Last August I asked a question: "What if Keynesian stimulus works, but no one can ever actually afford to do it, short of something like World War II, where the government can tap into a patriotic outpouring of national savings by issuing bonds with negative real yields."
When people like Paul Krugman say that almost $900 billion in stimulus didn't work because it wasn't big enough, you have to wonder if an adequate Keynesian stimulus is even possible. Could any government anywhere borrow 15 percent of GDP or more to spend on temporary measures with the blessing of their citizens? For that matter, would the markets lend the money without ratcheting up interest rates? Can an extra 15 percent of GDP be spent without showing sharply diminishing returns—meaning that you'd need even more spending to generate the effects you want? Today Alex Tabarrok looks at the history and concludes that even if Keynesian economics works in theory, Keynesian politics fails in practice—at least in a Democracy:
Let's accept for the sake of argument the truth of Keynesian economics. It is now clear that Keynesian politics has failed. But don't take my word for it. Here's Paul Krugman on the great abdication:
...without saying so explicitly, the Obama administration has accepted the Republican claim that stimulus failed, and should never be tried again.
What's extraordinary about all this is that stimulus can't have failed, because it never happened. Once you take state and local cutbacks into account, there was no surge of government spending.

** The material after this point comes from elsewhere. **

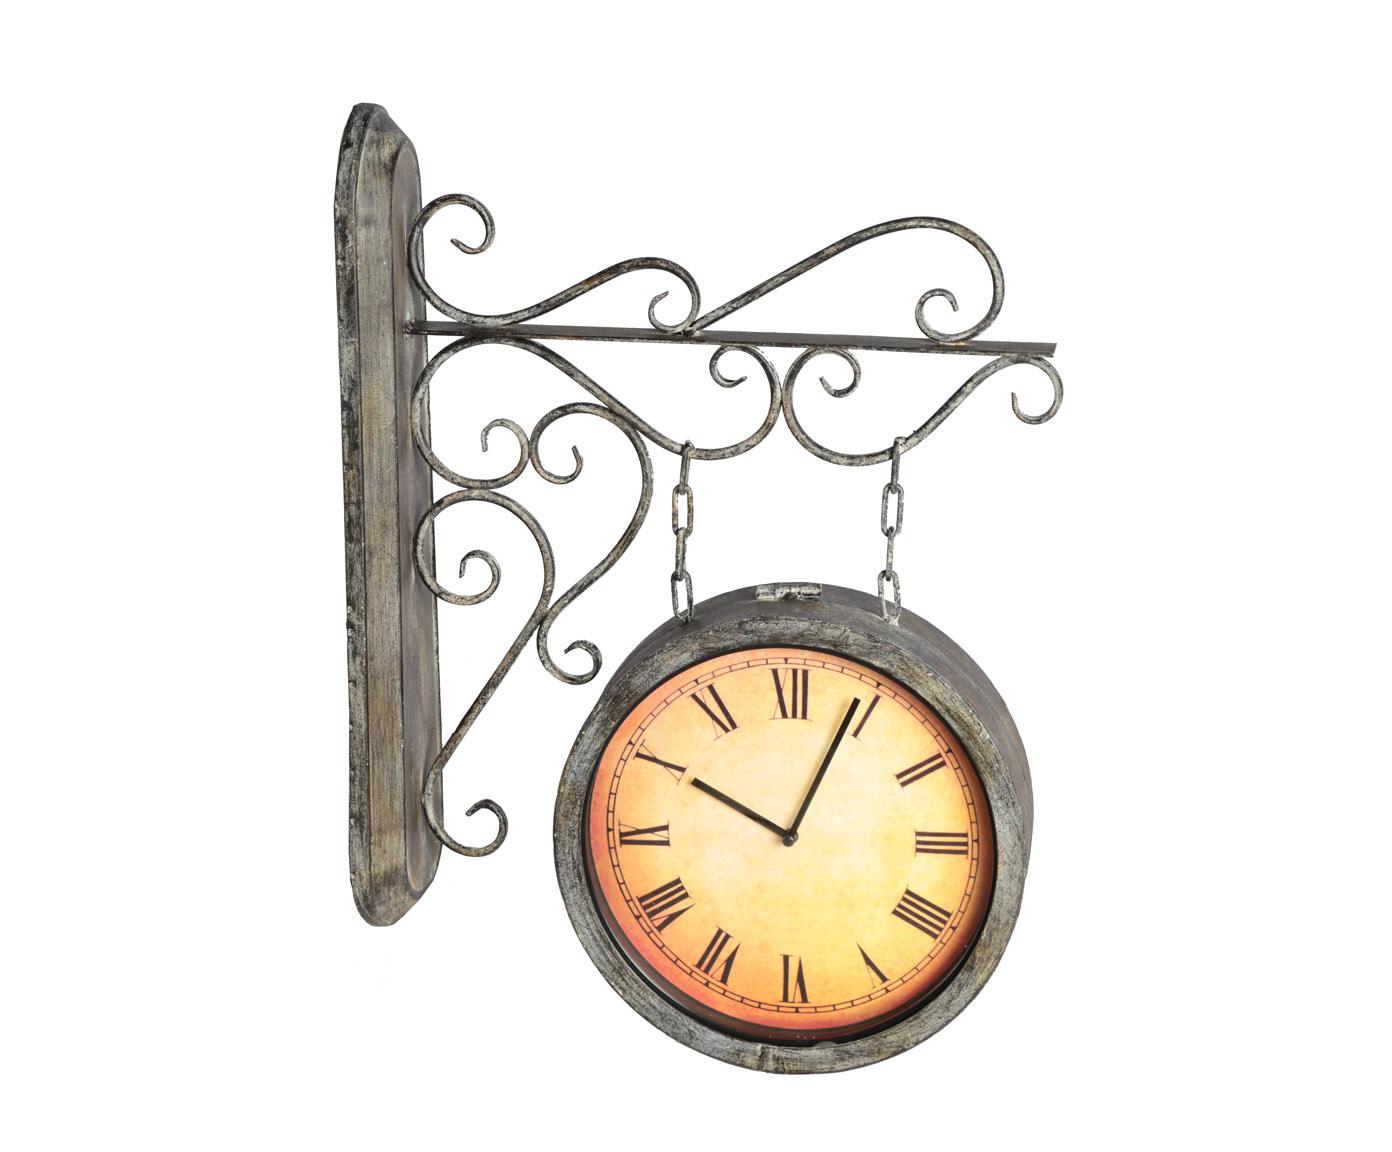 Часы настенныеНастенные часы<br>Кварцевый механизм, работают от батарейки типа АА.<br><br>Material: Металл<br>Width см: 40<br>Depth см: 11<br>Height см: 52,5

If that sounds familiar let's remember that by their own admission Keynesian's believe that Keynesian politics also failed during the Great Depression. Again, Paul Krugman on the New Deal:
...you might say that the incomplete recovery shows that "pump-priming", Keynesian fiscal policy doesn't work. Except that the New Deal didn't pursue Keynesian policies. (emphasis in original).
So we have had two major cases that massively favored Keynesian economics but Keynesian politics failed both times. Not that this should be surprising, Keynes himself told us that his theory was more suitable to totalitarian regimes:
The theory of aggregated production, which is the point of the following book, nevertheless can be much easier adapted to the conditions of a totalitarian state [eines totalen Staates] than the theory of production and distribution of a given production put forth under conditions of free competition and a large degree of laissez-faire.

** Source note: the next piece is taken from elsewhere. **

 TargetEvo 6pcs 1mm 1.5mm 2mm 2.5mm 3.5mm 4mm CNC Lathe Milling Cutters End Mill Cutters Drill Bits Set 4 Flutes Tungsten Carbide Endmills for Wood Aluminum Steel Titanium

This illustrates a challenge facing economists: should they advocate first best or second best policy? I once saw an exchange between a Bush treasury official and a prominent academic critic of TARP, etc. The official argued that the critics were putting forward "solutions" which had no hope of passing congress. The critic sharply rejoindered that it wasn't his job to suggest stupid things that politicians were willing to do; it was to tell them the right thing to do.
This is true—but at some level, there's no point in spending a lot of time designing policies which can't be enacted in any conceivable democratic polity. Especially if advocating those policies make it hard to advocate things that might work—either because the advocacy takes time away from thinking about feasible solutions, or because you alienate the people you are trying to influence.